The associate justice was about to get up when the chief gestured him back into his chair.
“Hold on a minute, Daniel. Allow me to do a bit of research here.”
The chief scooted his chair over to his desktop computer and tapped a flurry of keys. Crockett couldn’t see what appeared on the screen, but he saw the chief nod. He was satisfied with what he’d found.
Turning back to his colleague, he said, “Daniel, the feminine equivalent of brethren is — n
o kidding — sistren.”
“Never heard of it.”
“My dictionary tells me the word fell out of common usage until just recently. It was revived by feminists. So, you see, you can put a new spin on old customs.”
Crockett understood the chief had more than a dusty locution in mind.
Dumbarton Oaks — Washington, DC
White House Chief of Staff Galia Mindel’s house sat in one of the capital’s highest-end neighborhoods, and had what was sometimes known in real estate parlance as a media room: a place where even the largest of flat screen televisions wouldn’t seem out of scale. The space had been constructed for the children of the original owner as a small theater, complete with a stage.
The stage had made way for HD productions of ever denser arrays of pixels. The old plush velvet seats had yielded to sleek leather designs. As before, though, there were parking spaces for sixty derrieres.
Galia stood at a lectern up front as her guests filed into the room. Her deputy chief of staff greeted the arrivals. He’d also overseen the security arrangements. Galia had reached into the private sector to keep the guests and her property safe that evening.
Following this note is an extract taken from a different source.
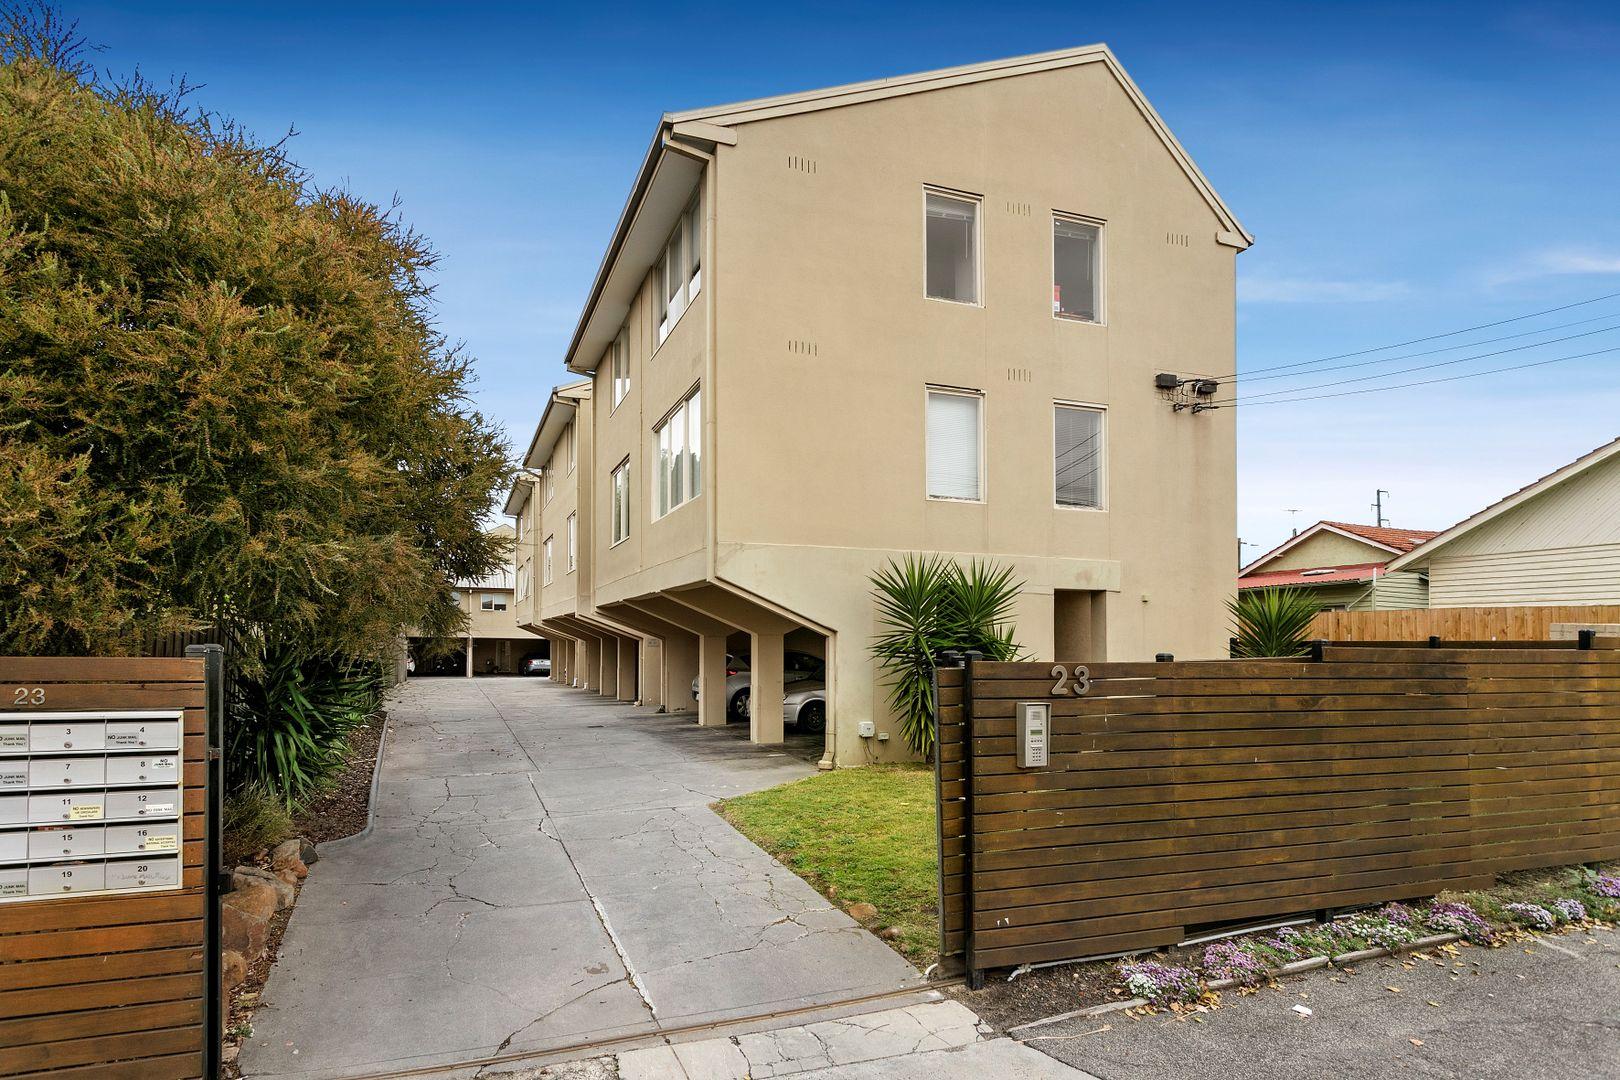 11/23 Baxter Street, Coburg VIC 3058, Image 0

No government cops would be on hand, and the only people in the room would be the parties directly involved.
Herself and the forty-six senators who would decide the president’s political fate.
James J. McGill had asked her if she had a plan to save Patricia Grant from her political enemies. With just a look, she’d assured him she did. In a matter of moments, she was about to execute a part of the strategy she had in mind.
Until that morning, she had two unresolved questions in mind concerning the meeting that was about to take place. Should she invite only the fourteen Democratic senators who would be up for reelection in 2016 or the whole caucus? And what time of day should she hold the meeting?
She chose to invite every Democratic senator, thinking it would be better for all of them to see how ruthless a discipline was about to be enforced from above. She was pleased that not a single one of the senators had tried to beg off. They were already anxious about what they might hear.